Rituximab plus CHOP is one of the most commonly used therapy regimens to date. As is known, the outcome of CD20-positive nodal DLBCL has been improved significantly after the application of rituximab; however, rituximab cannot effectively penetrate the blood-testicle barrier, so its concentration is minimal in the testicles. Conflicts exist about the effective use of rituximab [Citation3,Citation15]. In 2018, a retrospective study of 32 cases from China found that bilateral intervention (contralateral RT or resection) could improve OS and PFS in the rituximab group [Citation16], but in the other that did not use rituximab, patients who performed unilateral or bilateral intervention had a similar OS and PFS. In our retrospective study, we also found differences in the outcome between the R-CHOP and CHOP group, with a P-value >0.05 but <0.1 in the PFS and OS curves. Although we believe this is meaningful, it is also perhaps related to the small sample size of patients that received the CHOP regimen. Use of dose-intensive strategies such as hyper-CVAD are limited because of the usual demographic features of patients with PTL. In our study, only four patients received the hyper-CVAD regimen, illustrative of the limited use of dose-intensive strategies.
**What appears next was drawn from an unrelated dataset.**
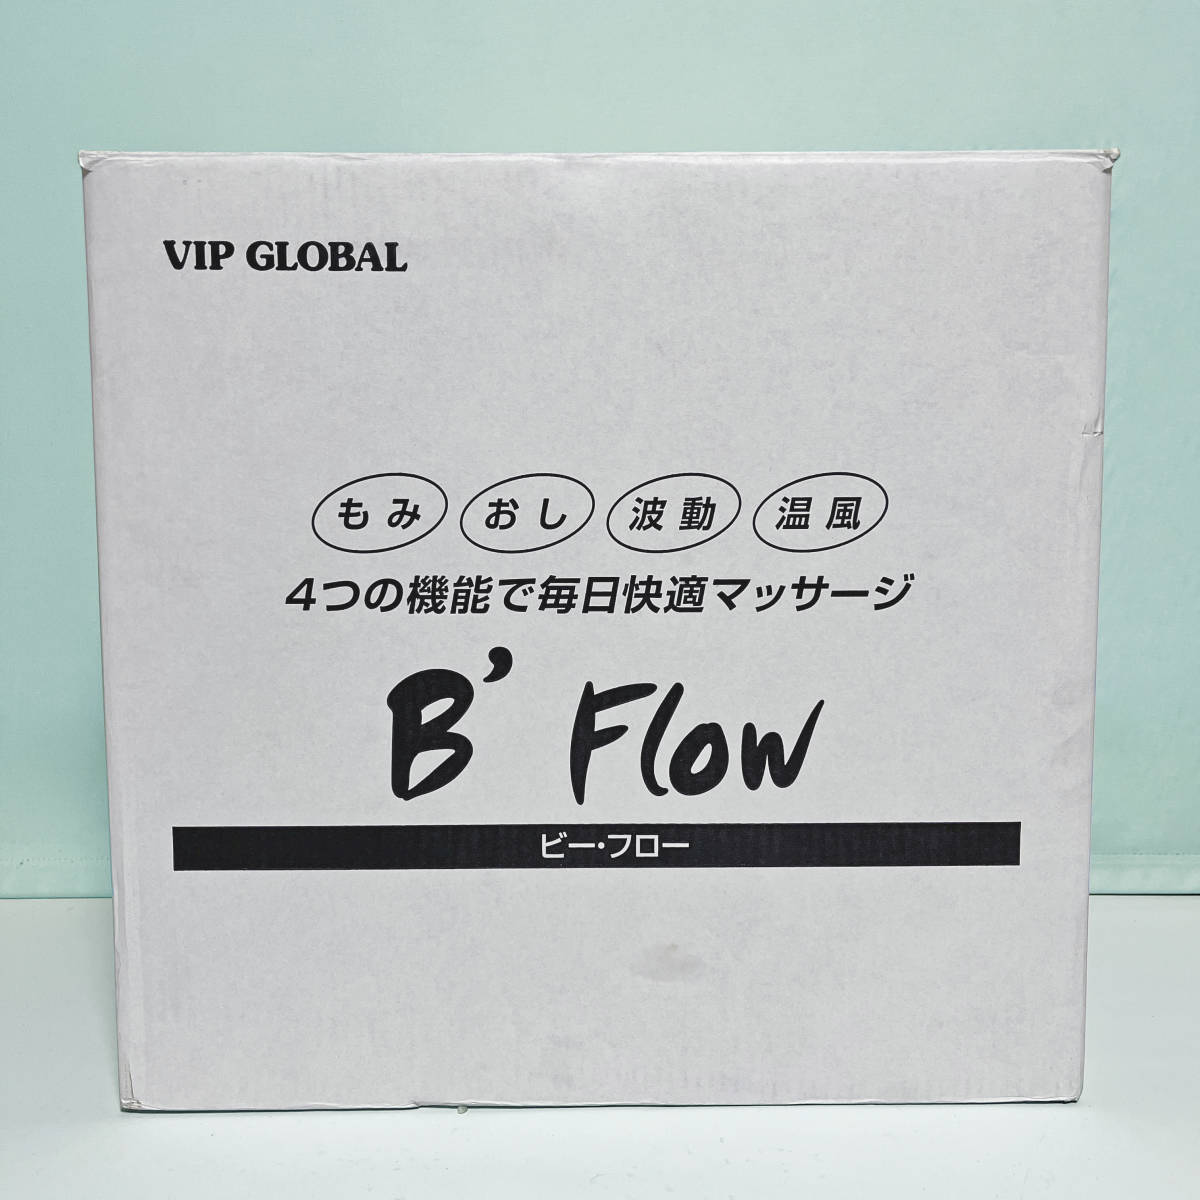 未使用品 B'Flow ビー・フロー フットマッサージャー MD-5310 VIPグローバル_画像4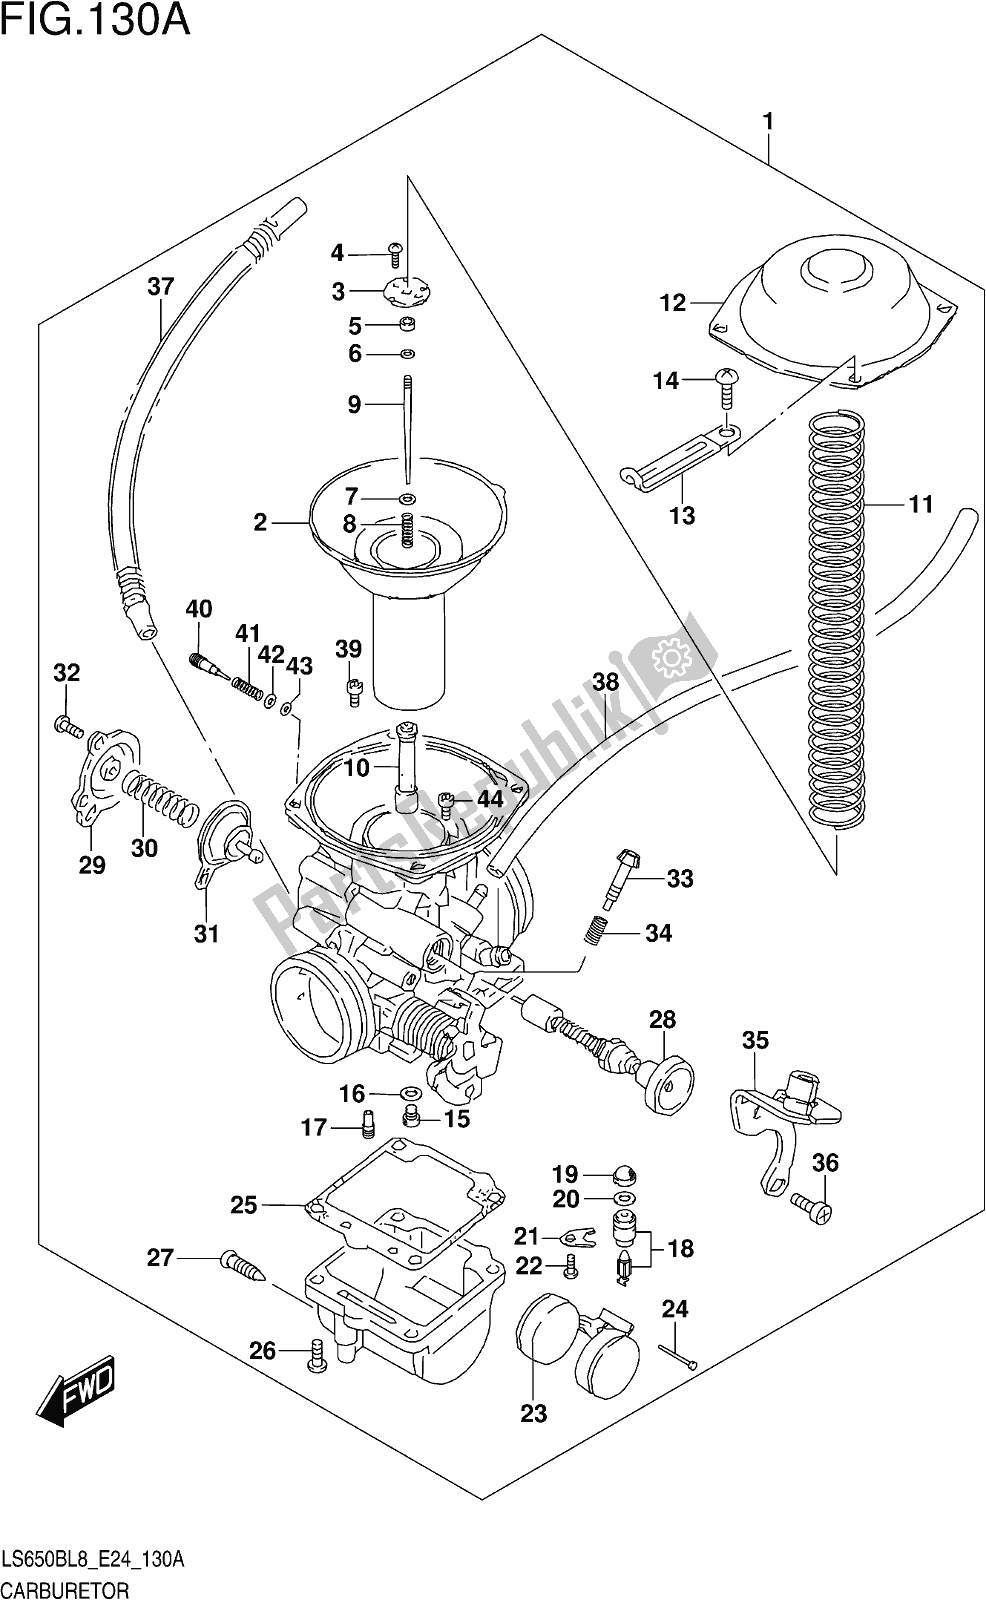 Alle onderdelen voor de Fig. 130a Carburetor van de Suzuki LS 650B 2018

In conclusion, PTL is a rare malignancy with high mortality. Most patients are >60 years old, and the available dose-intensive strategies are limited in this age group. R-CHOP-based chemotherapy combined with inguinal orchiectomy and RT are recommended. Immunomodulators like lenalidomide and the inhibitor of Bruton’s tyrosine kinase ibrutinib are being gradually used on patients with PTL, but further prospective studies are needed to better understand PTL and validate therapeutic options.

Compliance with ethical standards

Ethical approval

All procedures performed in studies involving human participants were in accordance with the ethical standards of the institutional and/or national research committee and with the 1964 Helsinki declaration and its later amendments or comparable ethical standards.

Informed consent

Informed consent was obtained from all individual participants included in the study.

Disclosure statement

No potential conflict of interest was reported by the author(s).